Paper Reading: Efficient Estimation of Word Representations in Vector Space
Mikolov, T., Chen, K., Corrado, G., & Dean, J. (2013). Efficient estimation of word representations in vector space. arXiv preprint arXiv:1301.3781.
Related Work
Method | Strength | Drawback |
---|---|---|
Treat words as atomic units | simplicity, robustness, and the observation that simple models trained on huge amounts of data outperform complex systems trained on less data | no notion of similarity between words |
Neural network based language models significantly outperform N-gram models.
Goals
- Introduce techniques that can be used for learning high-quality word vectors from huge data sets with billions of words
- Word vectors between 50-100
- Multiple degrees of similarity
- e.g. vector(‘King’) - vector(‘Man) + vector(‘Woman’) ≈ vector(‘Queen’)
- maximize accuracy of these vector operations by developing new model architectures
Definition
- Computational complexity of a model = the number of parameters that need to be accessed to fully train the model
- The training complexity is proportional to $O = E\times T\times Q$
- $E$: the number of the training epochs
- $T$ : the number of the words in the training set
- $Q$: defined further for each model architecture
Model Architectures
Feedforward Neural Net Language Model (NNLM)
NNLM has been proposed in the paper A Neural Probabilistic Language Model.
- Input layer
- $N$ previous words are encoded using 1-of-V coding, where $V$ is size of the vocabulary
- Projection layer $P$
- has dimensionality $N\times D$, using a shared projection matrix
- Hidden layer $H$
- is used to compute probability distribution over all the words in the vocabulary
- Output layer
- dimensionality $V$
The computational complexity per each training example is
\[Q = N\times + N\times D\times H +H\times V\]Use hierarchical softmax where the vocabulary is represented as a Huffman binary tree.

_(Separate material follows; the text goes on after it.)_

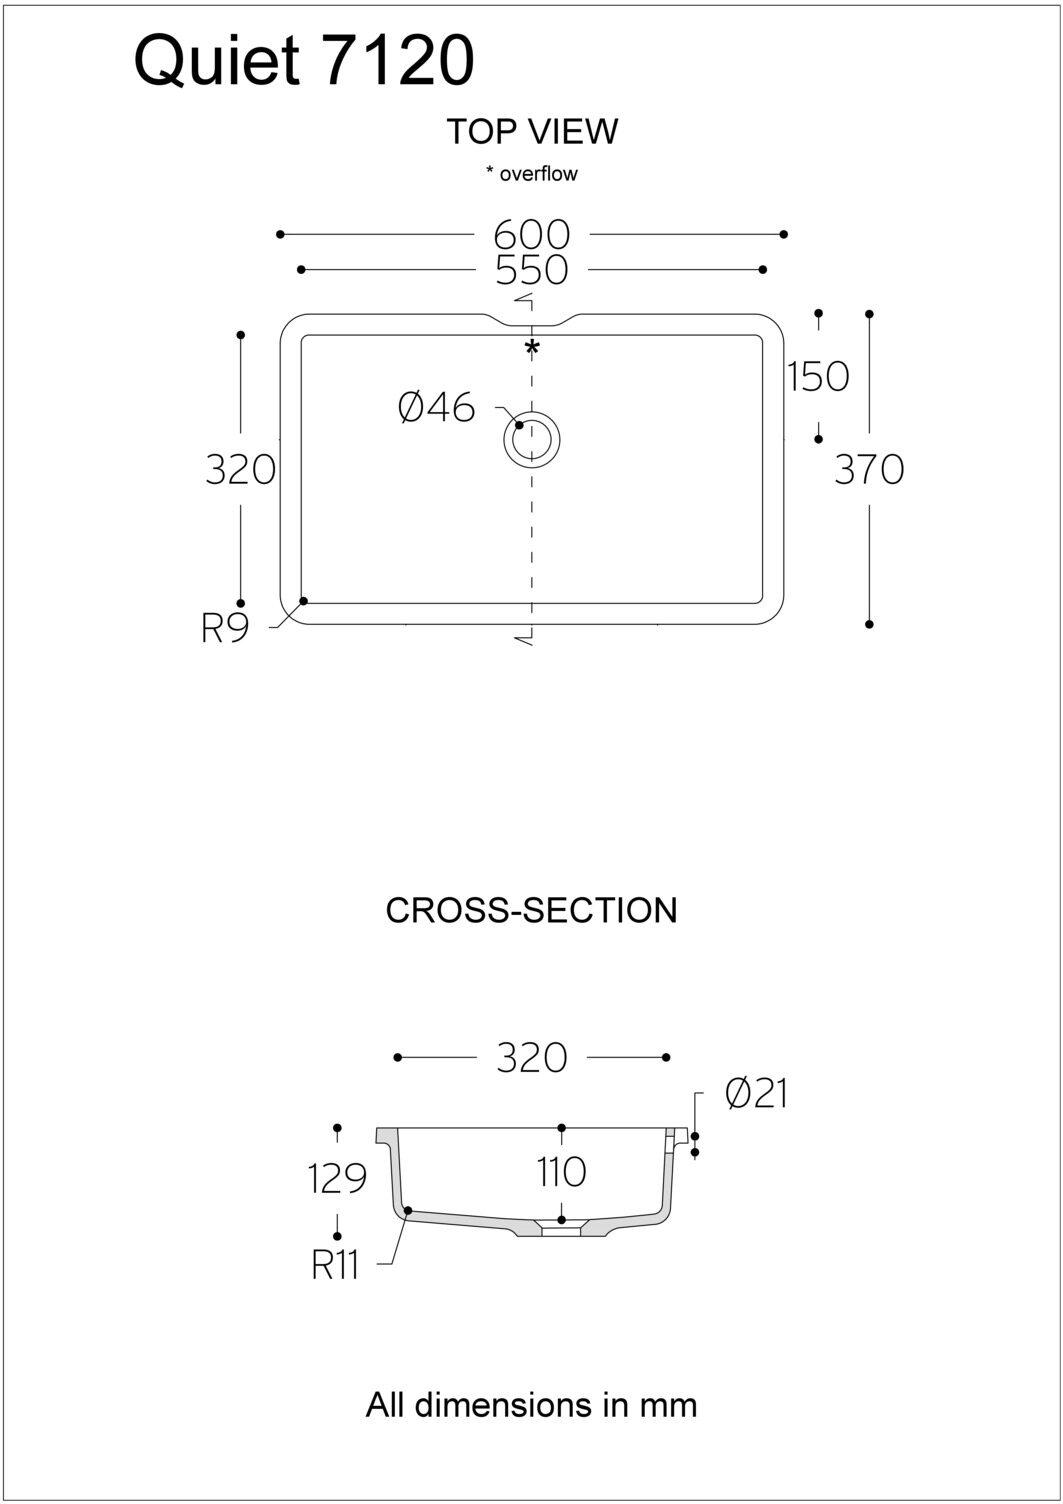 DUPONT_CORIAN_QUIET7120_2D_PDF-2020[0]
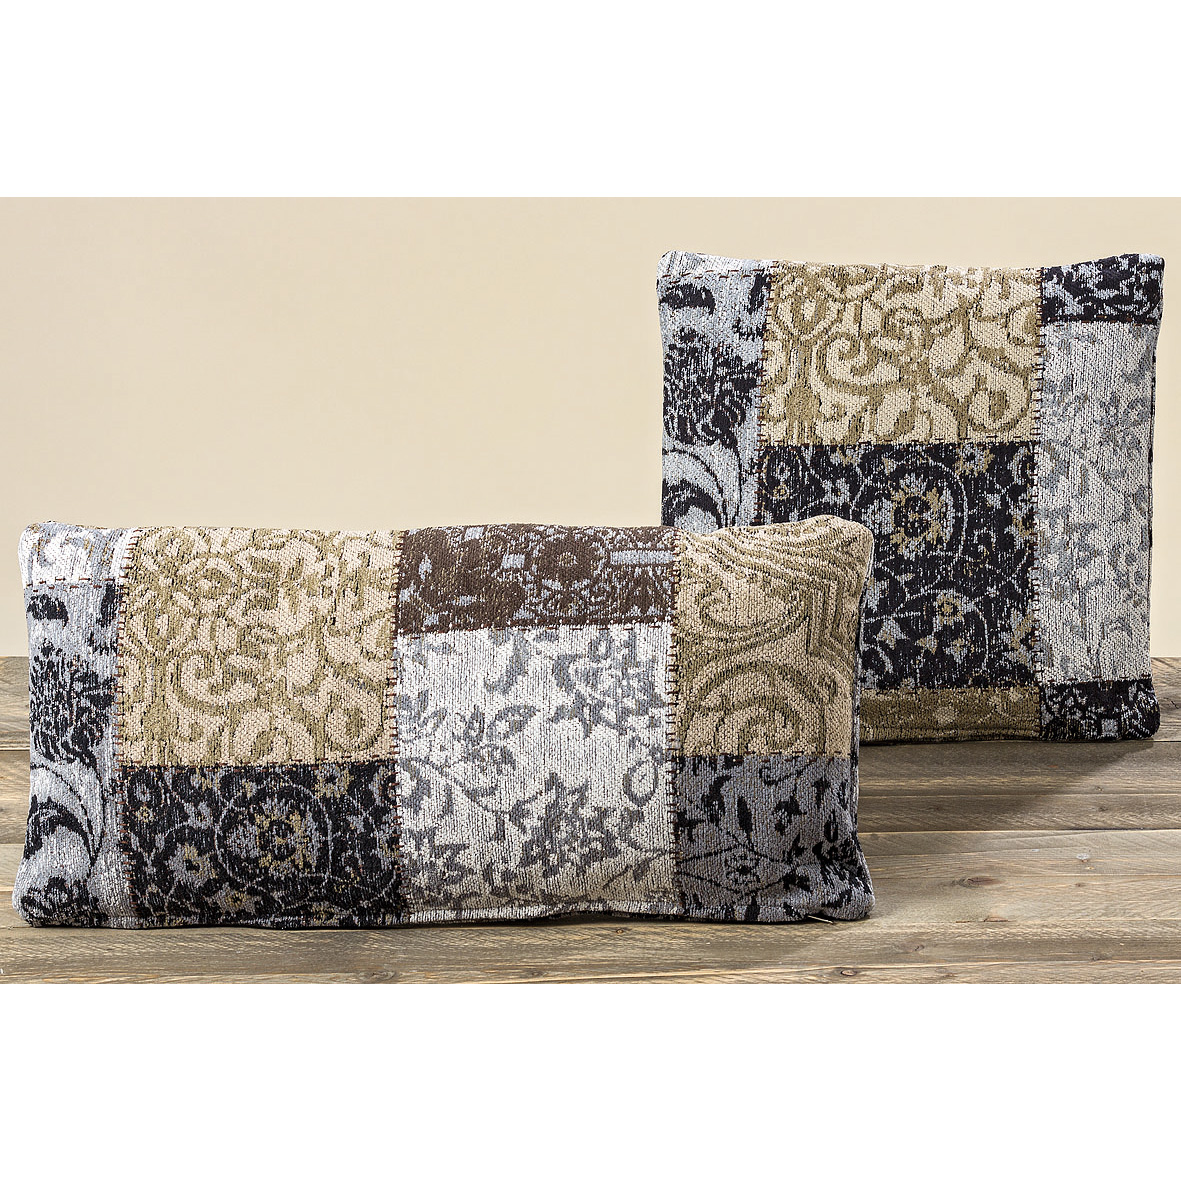 patchwork kissen gobelin vintage grau braun 70x35cm. Black Bedroom Furniture Sets. Home Design Ideas

Recurrent Neural Net Language Model (RNNLM)
- Specify the context length
- Use RNN model to represent more complex pattern than than the shallow
- Structure
- Input layer
- Hidden layer
- Output layer
The complexity per training example of the RNN model is
\[Q = H\times H+H\times V\]Parallel Training of Neural Networks
New Log-linear Models
replace(neural network, simple model)
- faster: possibly be trained on much more data efficiently
- less accurate
- Continuous word vectors are learned using simple model
- The N-gram NNLM is trained on top of these distributed representations of words.
CBOW: Continuous Bag-of-Words Model
- The non-linear hidden layer: removed
- The projection layer: shared for all words
The order of words in the history does not influence the projection
Building a log-linear classifier with four feature and four history words at the input
Training complexity
\[Q = N\times D + D\times \log_2(V)\]Continuous Skip-gram Model
Goal: maximize classification of a word based on another word in the same sentence
Predict words within a certain range before and after the current word.
Training complexity of this architecture is proportional to
\[Q = C\times (D+D\times \log_2(V))\]- $C$ is the maximum distance of the words
Experiments
When training high dimensional word vectors on a large amount of data, the resulting vectors can be used to answer very subtle semantic relationship between words.
Task Description
Question
- five types of semantic questions
- nine types of syntactic questions
Evaluation
Evaluate the overall accuracy for all question types
- Question is assumed to be correctly answered only if the closet word to the vector computed using the above methods is exactly the same as the correct word in the question.
Data
- Google News corpus
Maximization of Accuracy
We have to increase both vector dimensionality and the amount of the training data together.